• _ACTION ITEM_
Set down all of the data exactly. Pictures stay out of the copy.

• _DATASET EXTRACT_
::::::::

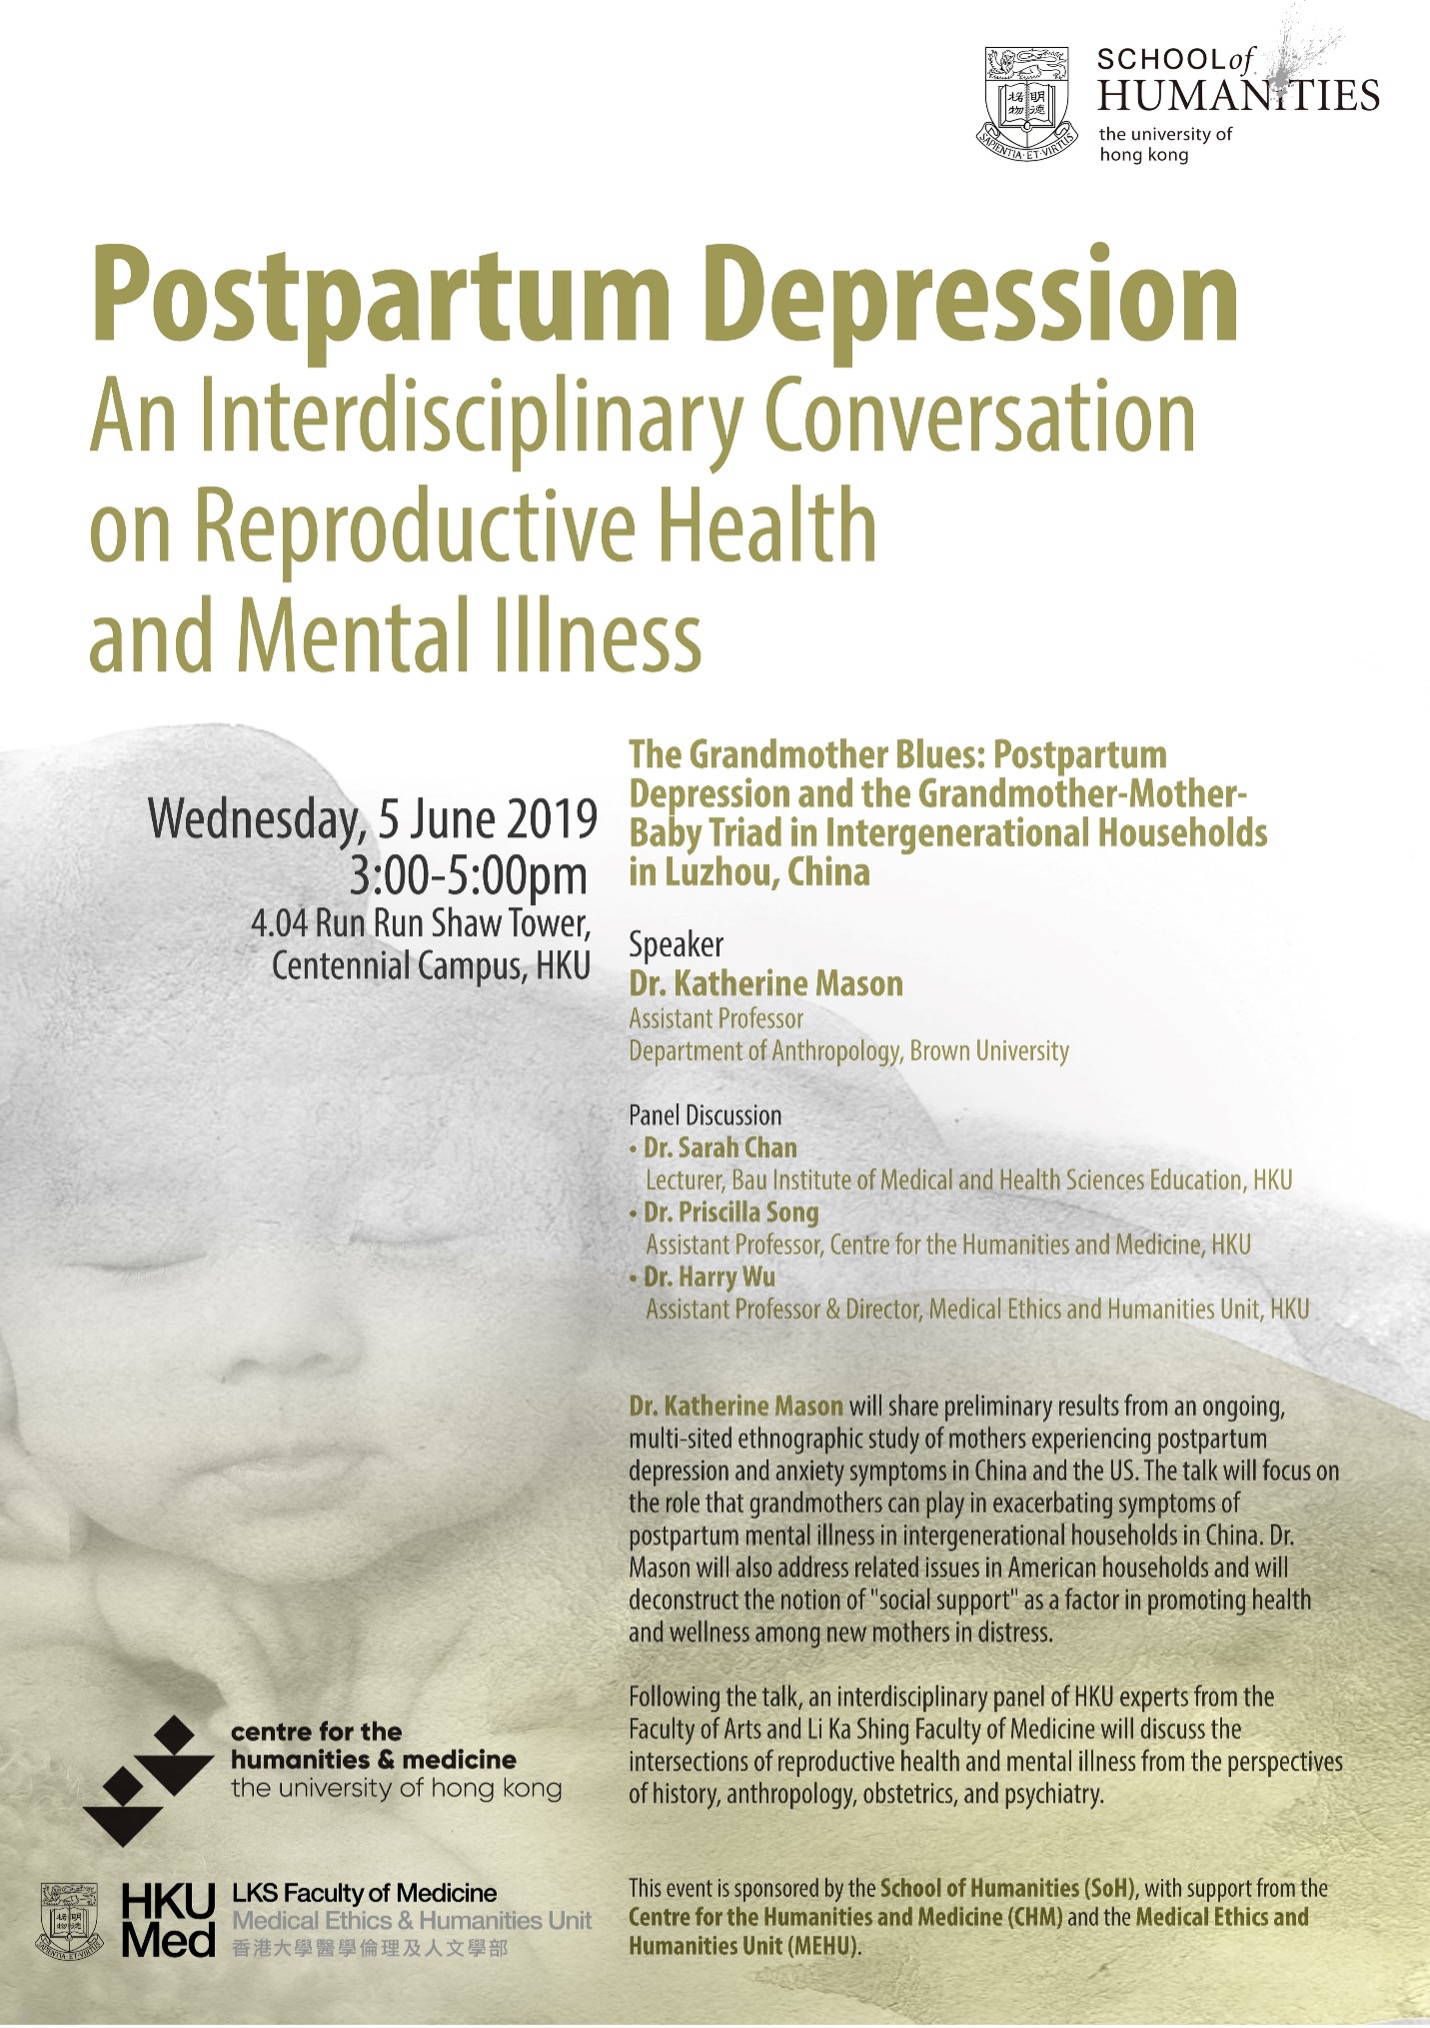 Postpartum Depression: An Interdisciplinary Conversation on Reproductive Health and Mental Illness
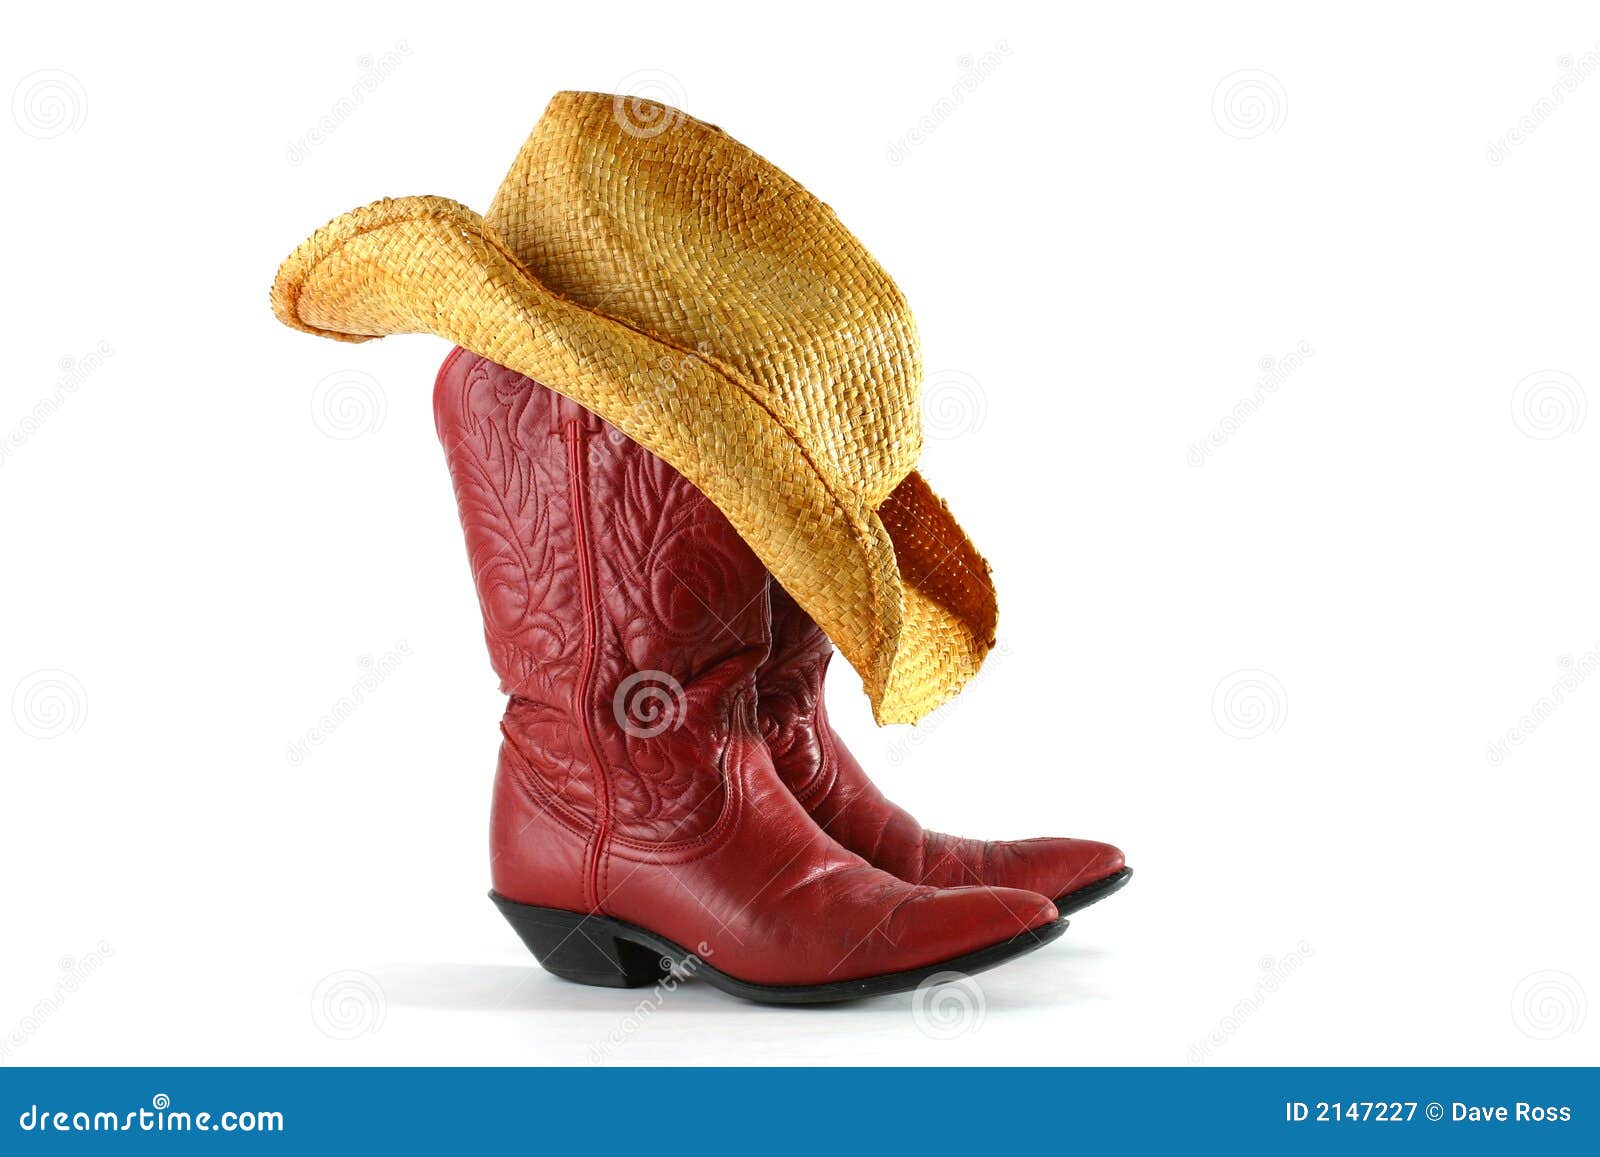 [Image: western-boots-hat-2147227.jpg]
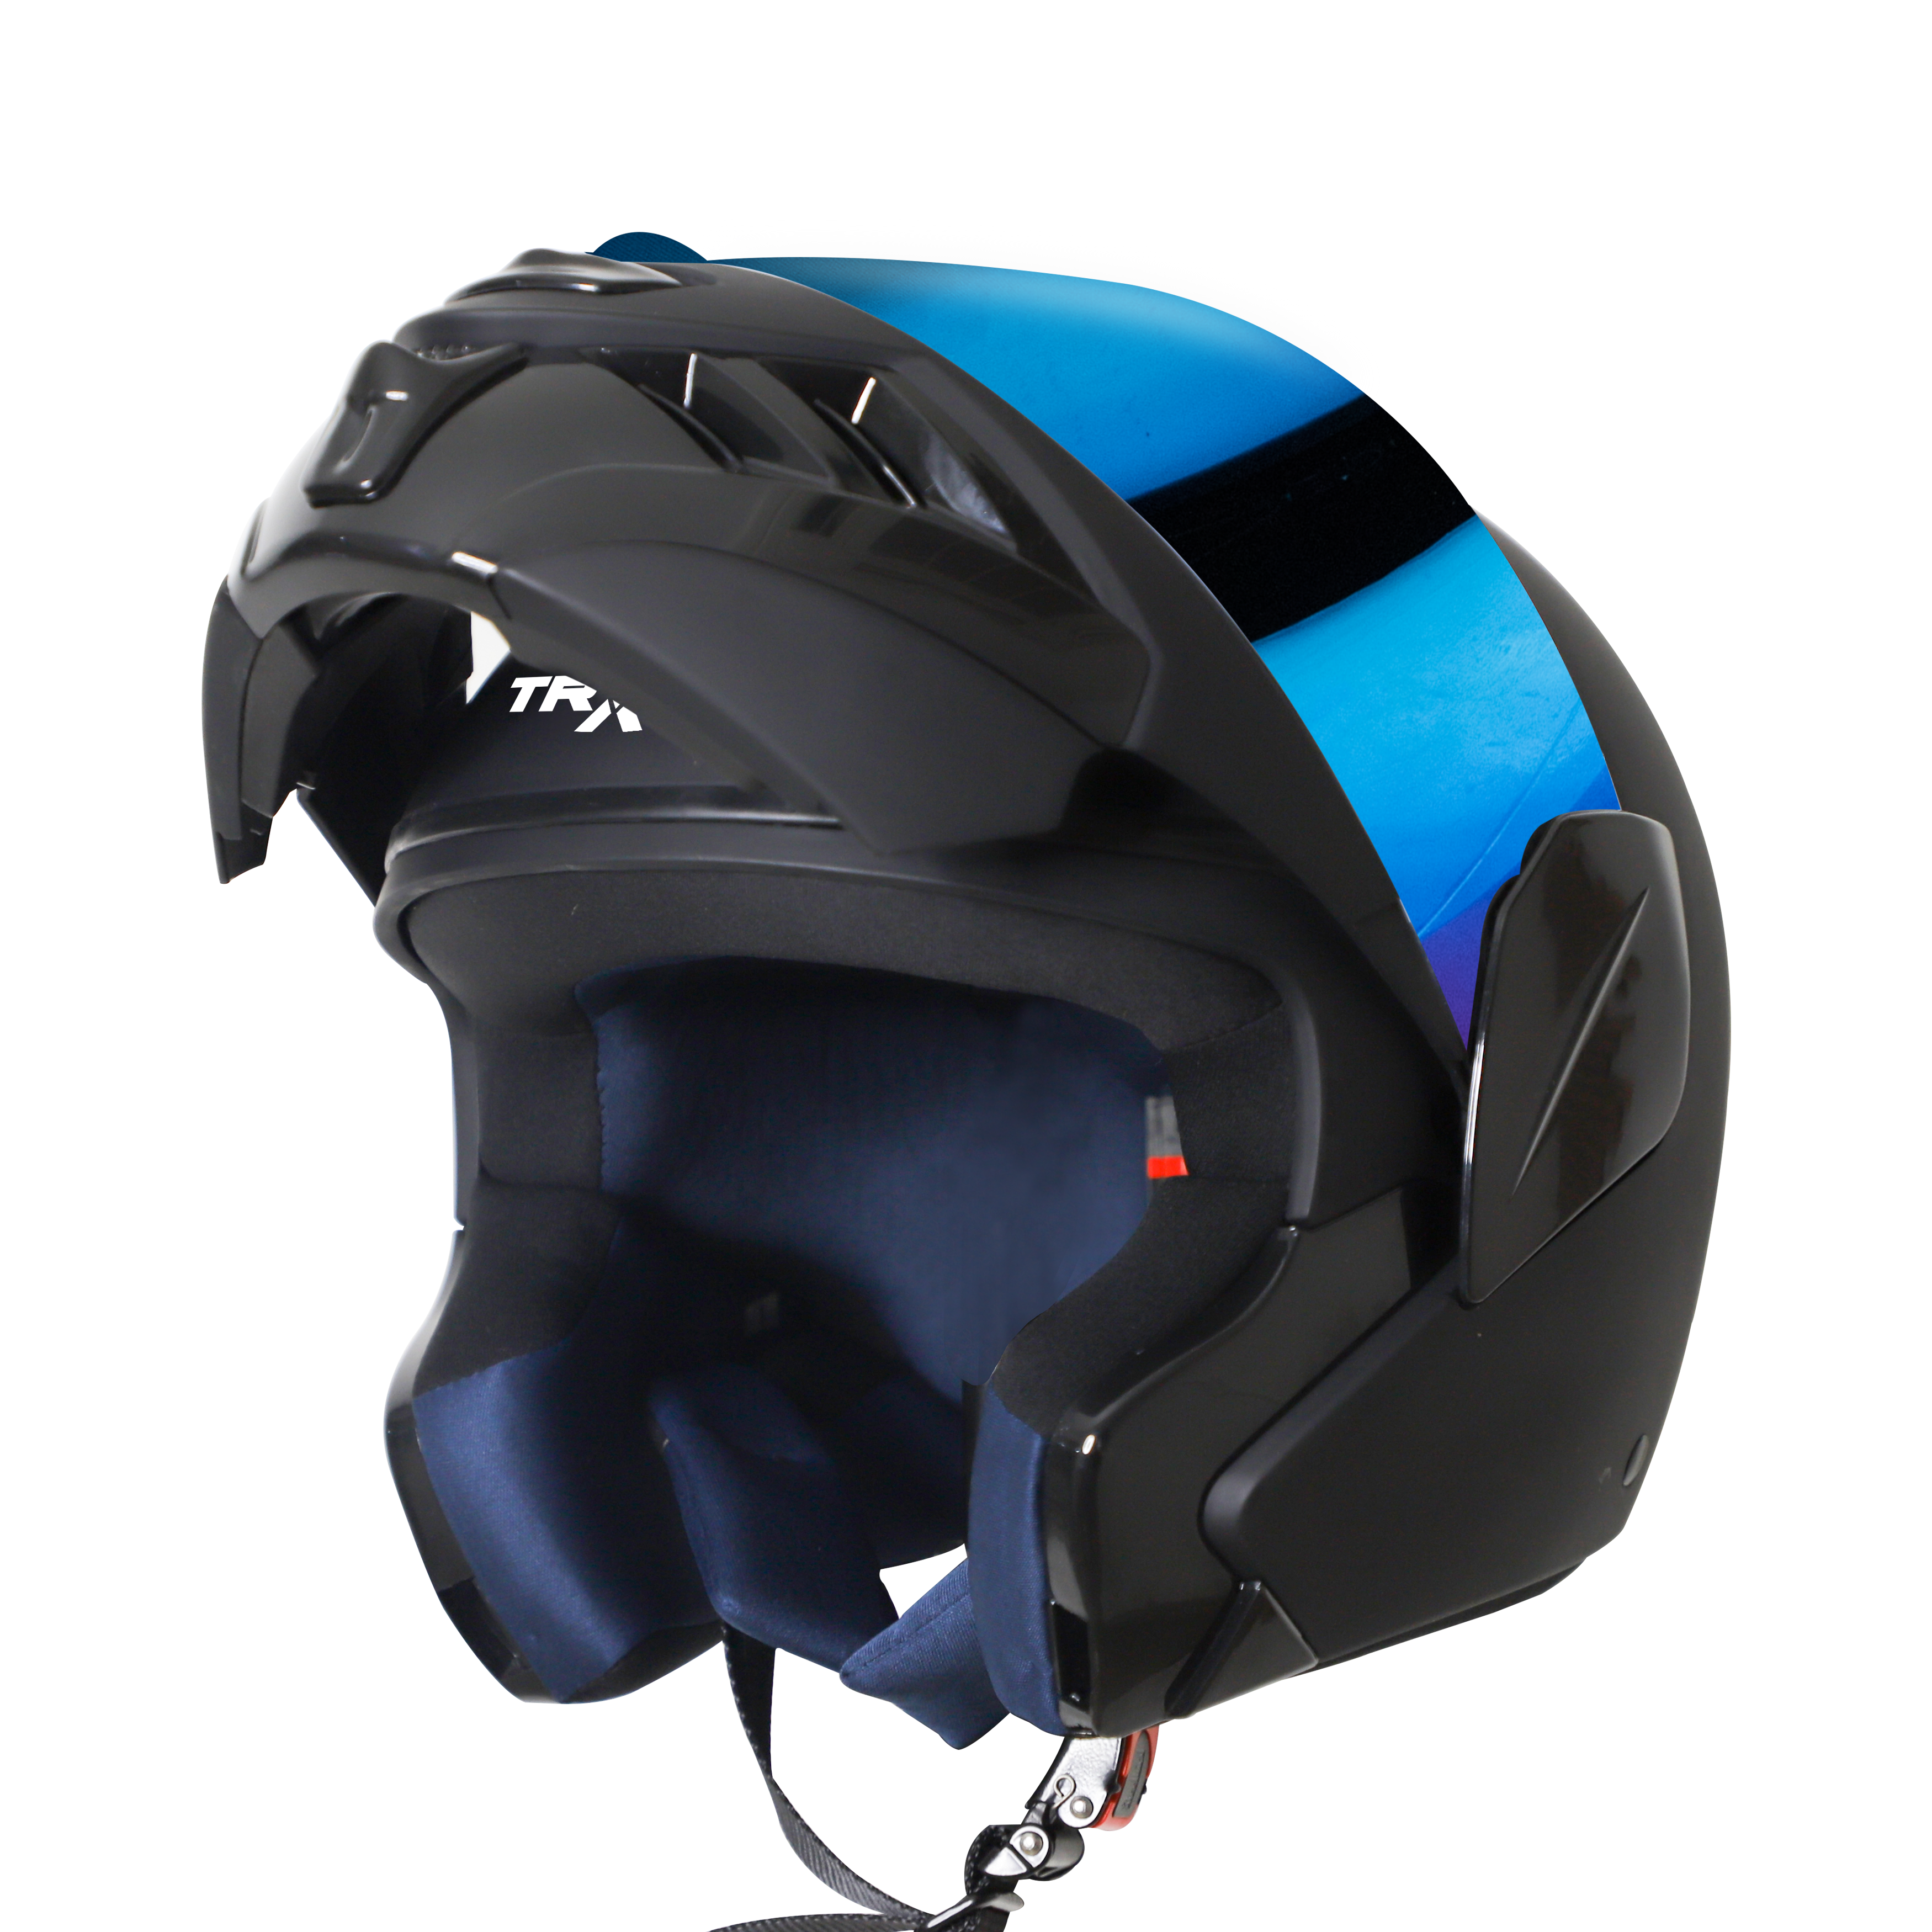  Steelbird SB-34 TRX ISI Certified Flip-Up Helmet For Men And Women (Matt Axis Grey With Chrome Blue Visor)

::::::::

• _RESULT OF THIS TASK_
 Postpartum Depression: An Interdisciplinary Conversation on Reproductive Health and Mental Illness
 [Image: western-boots-hat-2147227.jpg]
  Steelbird SB-34 TRX ISI Certified Flip-Up Helmet For Men And Women (Matt Axis Grey With Chrome Blue Visor)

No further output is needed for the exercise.